### Exercise brief:
What you return should be only the lines in the entries below between the one holding "macro image one" and the one holding "Laszlo Neogrady Landscape", ends included, with every picture left out.

### Record set:
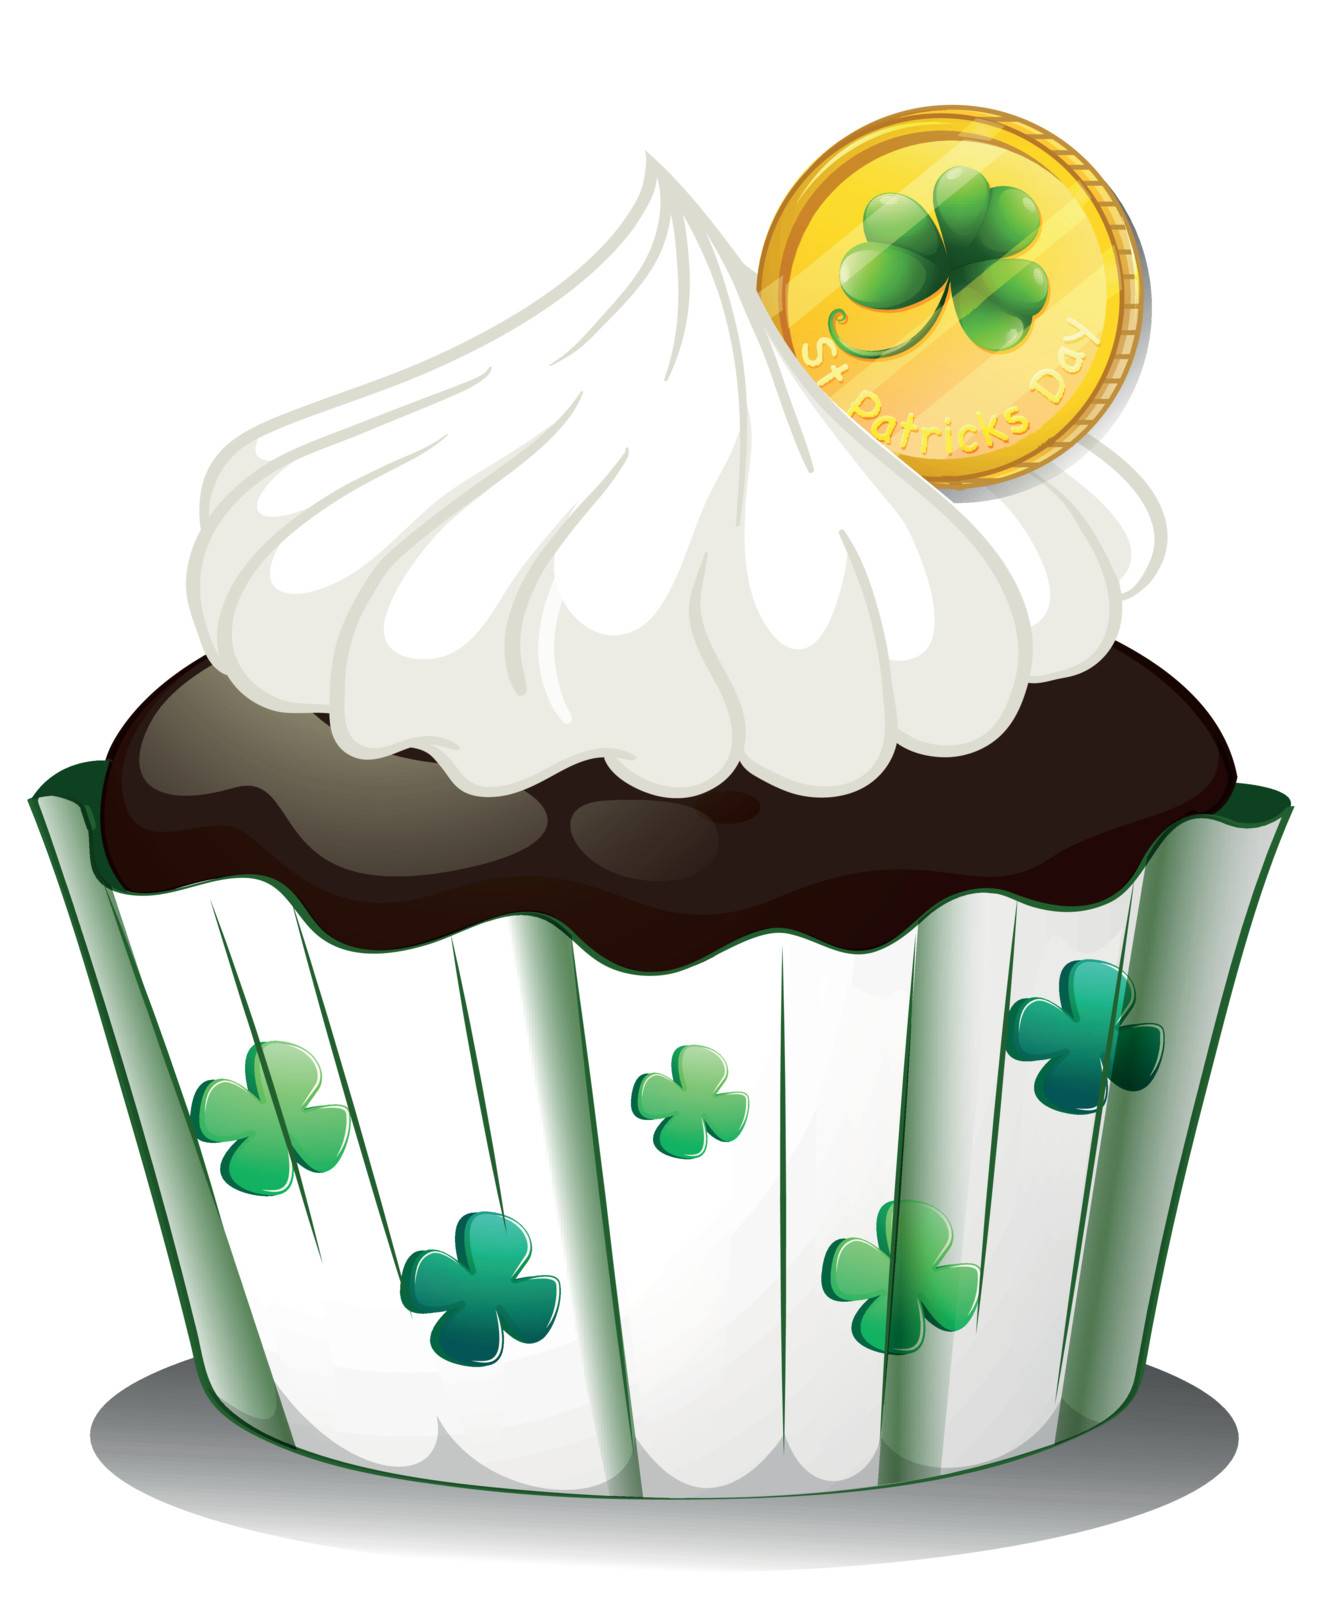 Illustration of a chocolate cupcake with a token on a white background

* * *

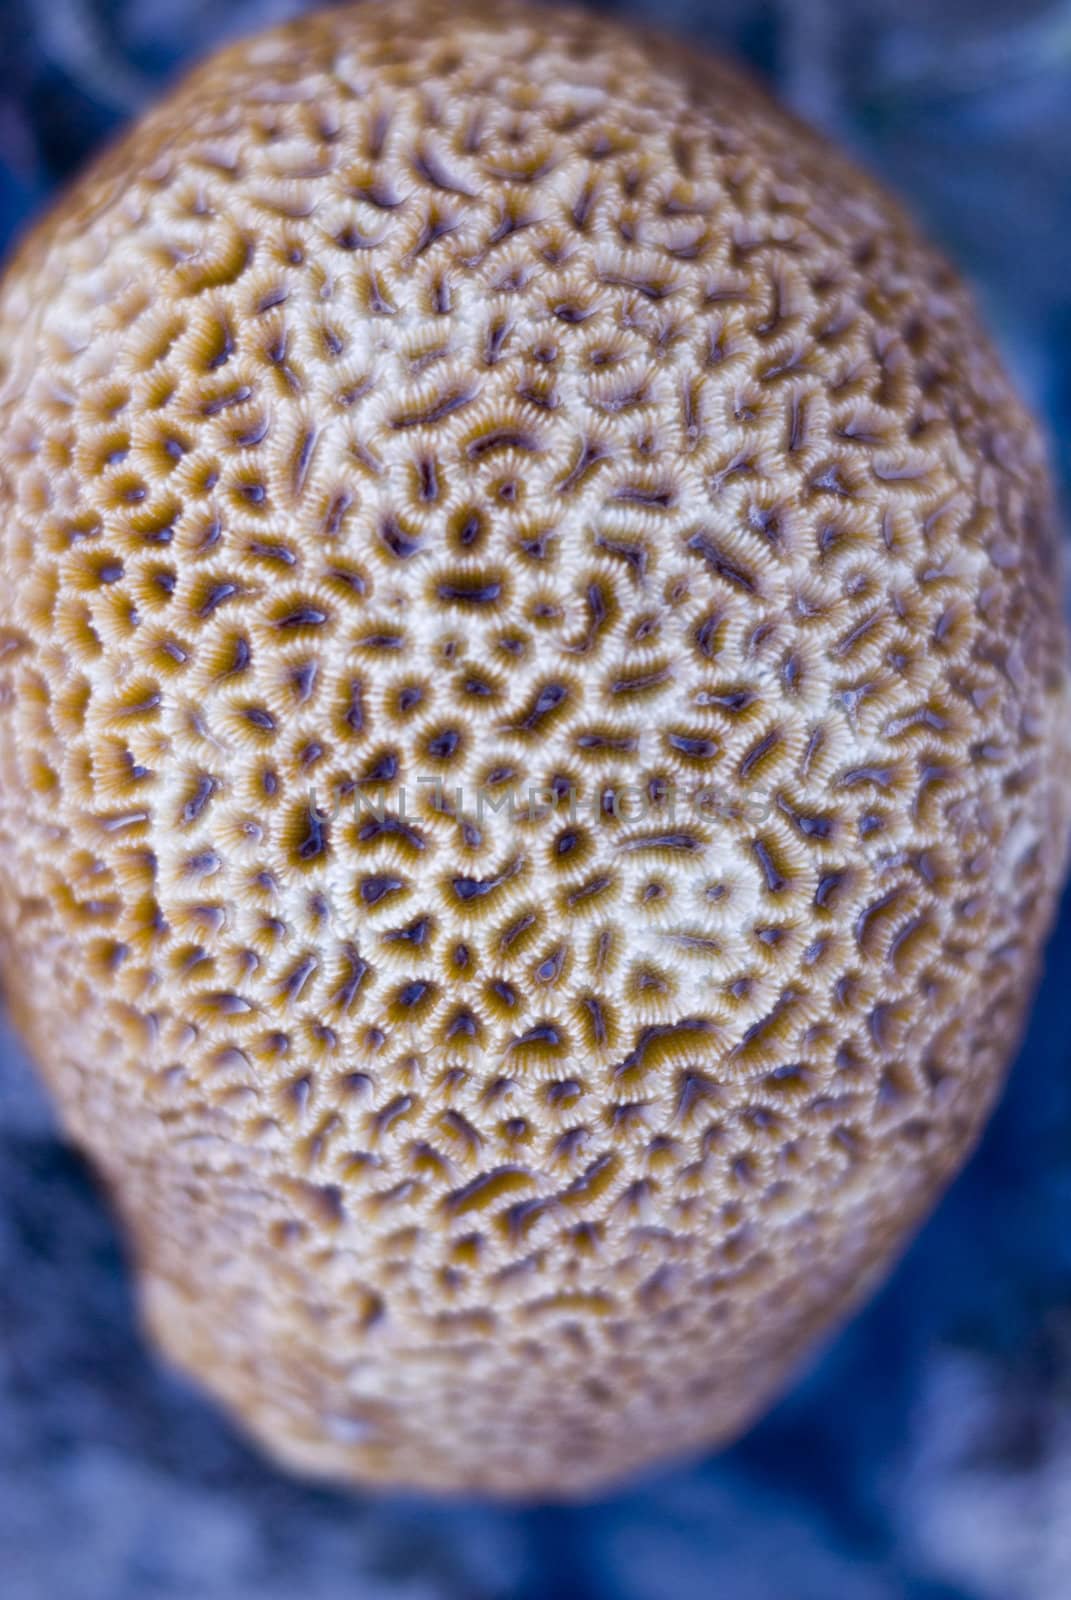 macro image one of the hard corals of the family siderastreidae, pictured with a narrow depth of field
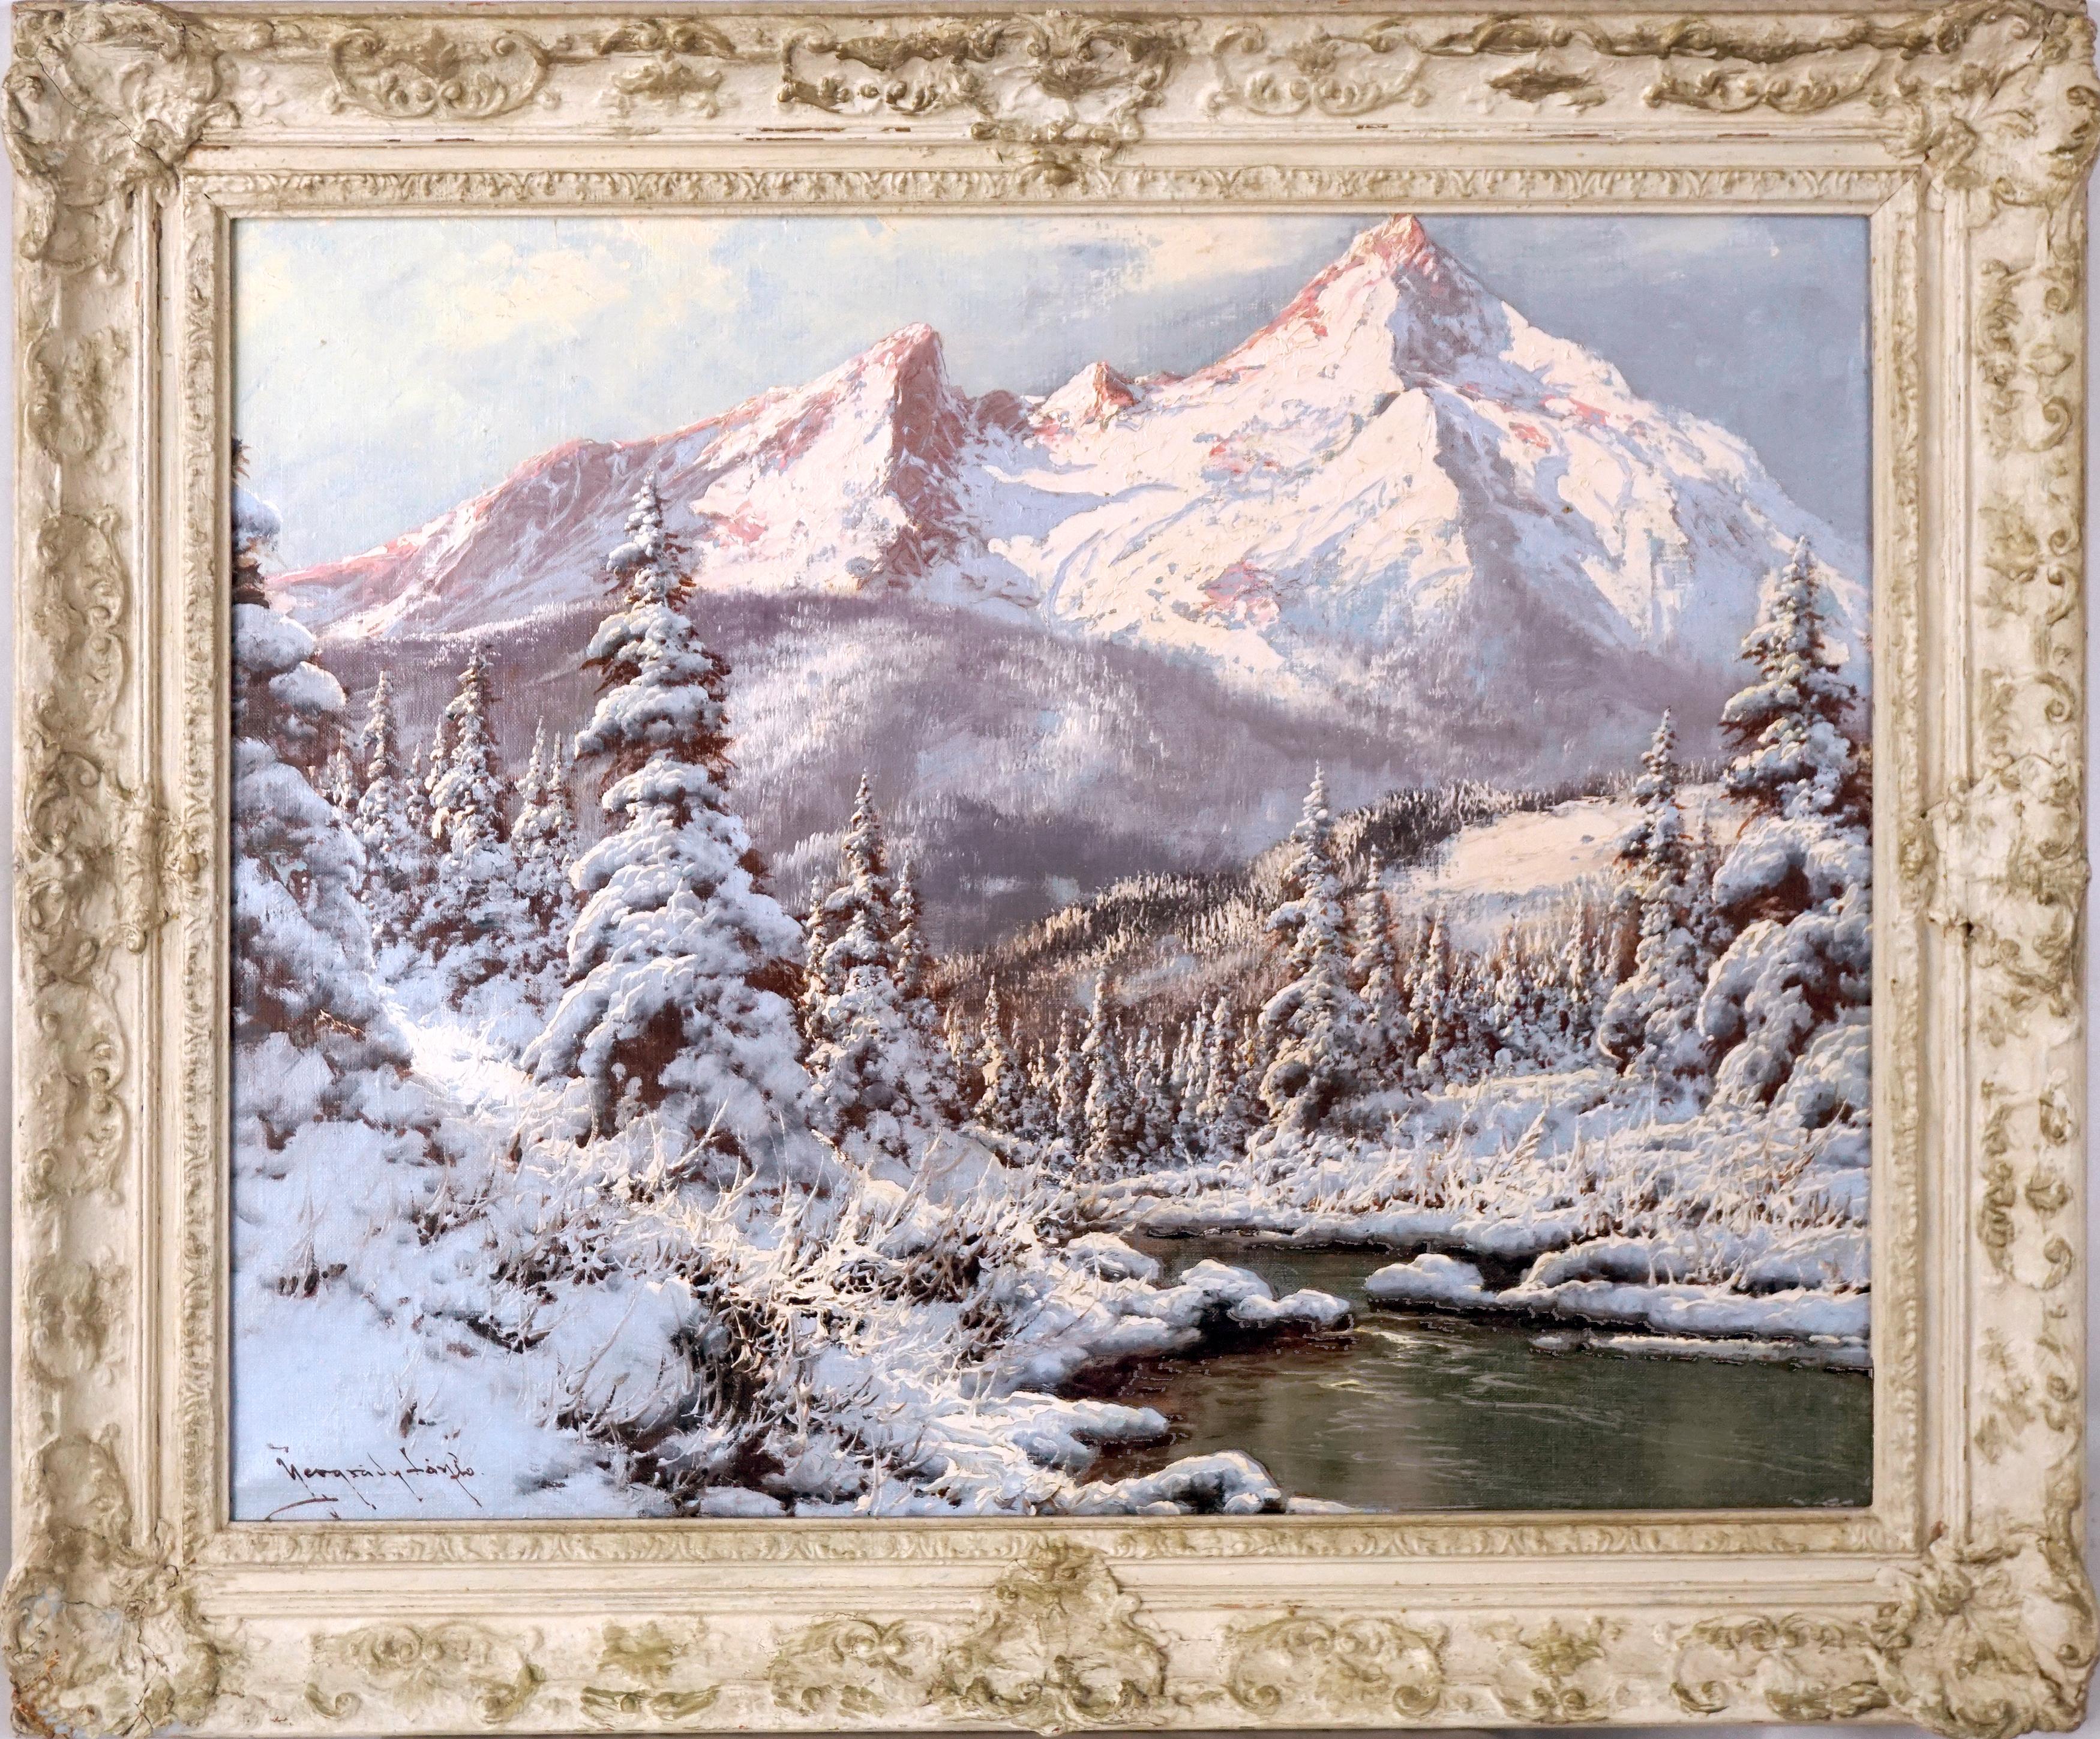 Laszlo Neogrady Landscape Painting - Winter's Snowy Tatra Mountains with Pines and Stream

### Task solution:
 macro image one of the hard corals of the family siderastreidae, pictured with a narrow depth of field
 Laszlo Neogrady Landscape Painting - Winter's Snowy Tatra Mountains with Pines and Stream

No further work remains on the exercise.